Les autorités tunisiennes n’ont pas honoré leur promesse de fermer, en juin 2021, la dangereuse et plus grande décharge de la Tunisie, à savoir Borj Chakir, laquelle symbolise toutes les difficultés qu’ont ces autorités à résoudre le problème de la gestion des déchets dans le pays.
“L’Agence nationale de gestion des déchets (ANGED) négocie actuellement la prolongation de 3 ans supplémentaires les contrats d’exploitation de la décharge, à travers un arrêté ministériel”, affirme Youssef Ayari, membre du Conseil municipal de la Commune de Sidi Hassine et l’un des initiateurs de la campagne baptisée “Sakkar El Msab” (Fermez la décharge).
Pourtant, le 5 avril 2021, le ministre des Affaires locales et de l’Environnement par intérim, Kamel Doukh, avait même évoqué devant les députés cette date limite de juin 2021 pour la fermeture de ce dépotoir et la fin du calvaire que vivent, depuis 22 ans, environ 180 000 habitants dans les quartiers d’El Attar/Borj Chakir, Jayara et Sidi Hassin (à l’ouest de la capitale).
Depuis 2011, les autorités répètent le même discours: couper avec la pratique de l’enfouissement des déchets et aller vers la valorisation et la création d’unités pour produire de l’énergie à partir des déchets. Jusqu’à présent, ces promesses sont restées lettre morte.
Des lobbies derrière ce blocage ?
“C’est l’option dictée par des lobbies des déchets en Tunisie qui ne veulent pas que la Tunisie mute vers la valorisation et le recyclage. L’enfouissement, qui coûte à l’Etat des fortunes, soit plus de 200 dinars la tonne (du centre de transfert à la décharge), est un marché juteux pour des sociétés qui manipulent les décideurs…”, déplore Hamdi Chabâane.
A cet égard, l’Etat prend en charge les frais de collecte et de transport des déchets jusqu’à la décharge (à raison de 80% l’Etat et 20% la commune). Les exploitants des charges se contentent de déposer les déchets dans les casiers du dépotoir, sans aucun respect des normes nationales et internationales en la matière et au mépris des considérations environnementales.
Les alternatives existent pourtant. Il s’agit entre autres de “l’intercommunale”, qui consiste en la création d’entreprises publiques par des communes afin d’accomplir des missions de service public d’intérêt communal. L’objectif est de gérer au mieux les déchets dans le cadre du développement durable de chaque région.
Cette pratique, déjà en phase expérimentale dans les communes de La Marsa, Carthage et Sidi Bou Saïd (banlieue nord de Tunis), permet de préserver les ressources naturelles en conciliant au mieux les enjeux sociaux, économiques et environnementaux qui y sont liés.
“Techniquement, la fermeture d’un seul coup de la décharge n’est pas possible. Il faut commencer par créer des projets pilotes de valorisation au niveau de certaines municipalités pour maîtriser le processus et l’étendre après au reste”, explique Chabâane.
Située à 8 km de la capitale Tunis, la décharge de Borj Chakir, la plus grande en Tunisie, reçoit quotidiennement les déchets de 38 municipalités (de 2 700 à 3 000 tonnes par jour) transportés par camions depuis les gouvernorats de Tunis, La Manouba, Ariana et Ben Arous.

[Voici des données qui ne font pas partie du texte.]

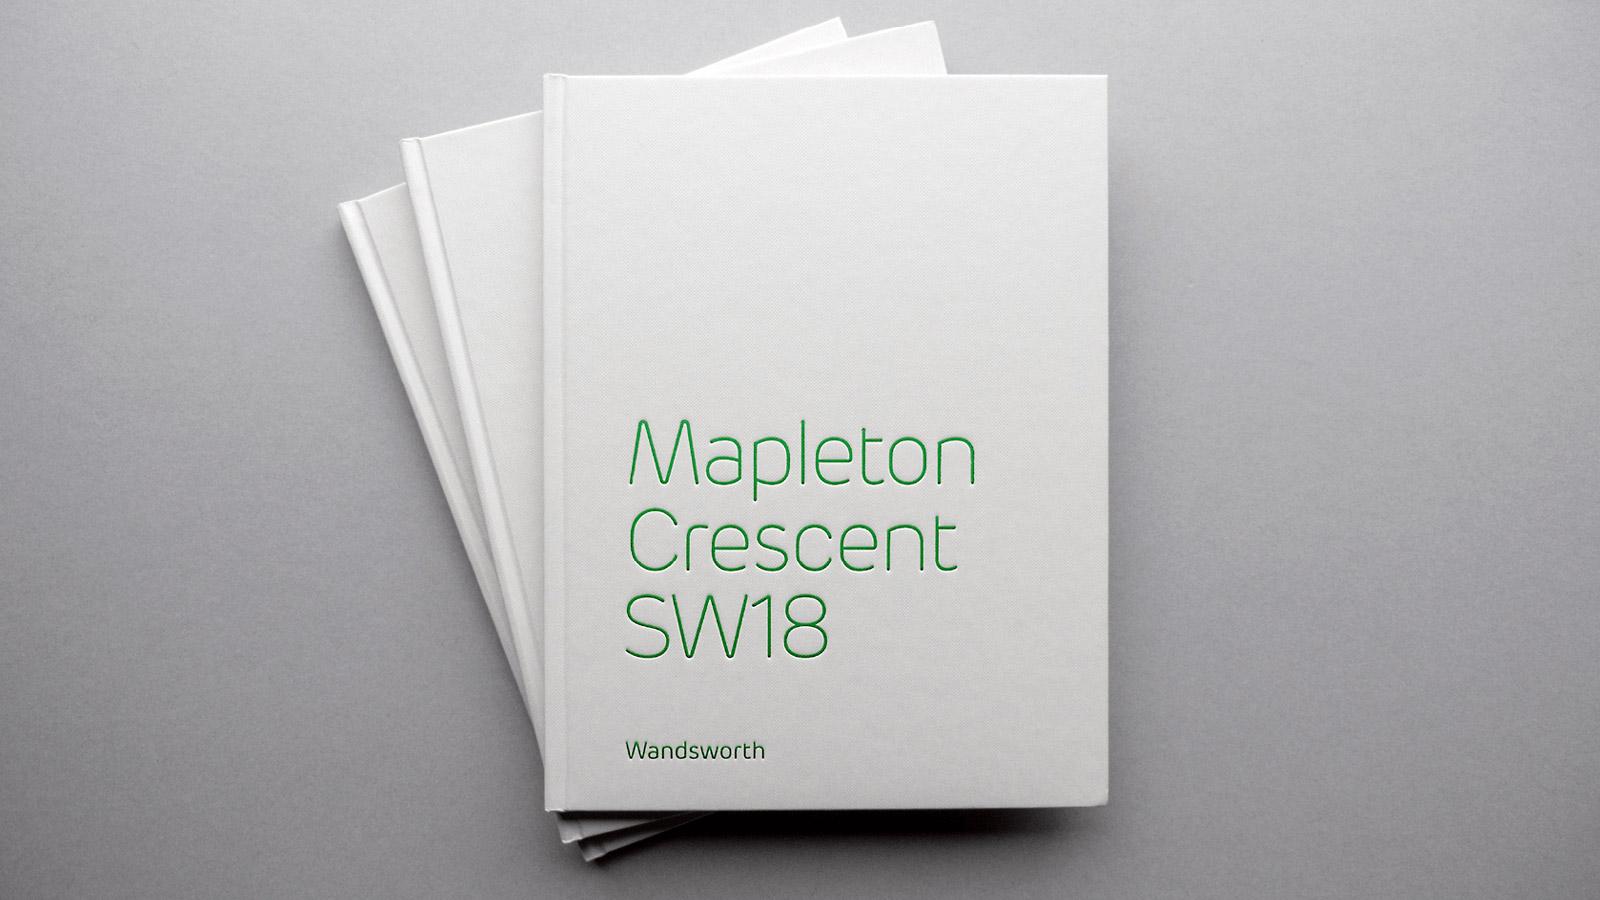 property-marketing-design-architecture-building-book-brochure-milton-keynes-london-1

Répartie sur une superficie de 124 hectares, la décharge est utilisée pour l’enfouissement des déchets sur un terrain de 80 hectares.
La hauteur des dunes de déchets est de 10 mètres et quatre mètres de profondeur d’enfouissement, tandis que la profondeur de la nappe phréatique d’eau est entre 12 et 15 mètres. La quantité de liquide issue des déchets est collectée dans 12 bassins de lixiviats.
A rappeler qu’un grand incendie avait ravagé, en juin 2019, près de 7 hectares de la décharge. Le brasier et les émanations toxiques avaient provoqué l’hospitalisation de plusieurs enfants de la région.
Cette catastrophe avait renforcé les revendications des populations locales en faveur de la fermeture de la décharge. Les citoyens des quartiers à proximité de Borj Chakir continuent à militer dans le cadre de la campagne “Sakkar El Masab”.
Ils revendiquent, entre autres, un réaménagement du site conformément aux objectifs du développement durable, notamment la lutte contre la pauvreté et contre la pérennisation des emplois précaires, dont ceux des chiffonniers (dits “Berbéchas” en dialecte tunisien), pour qui les dépotoirs constituent une source de revenu.
La production de déchets en Tunisie est estimée à 2,5 millions de tonnes par an, dont 63% sont des déchets organiques, 9,4% plastiques et 8,7% déchets de textile.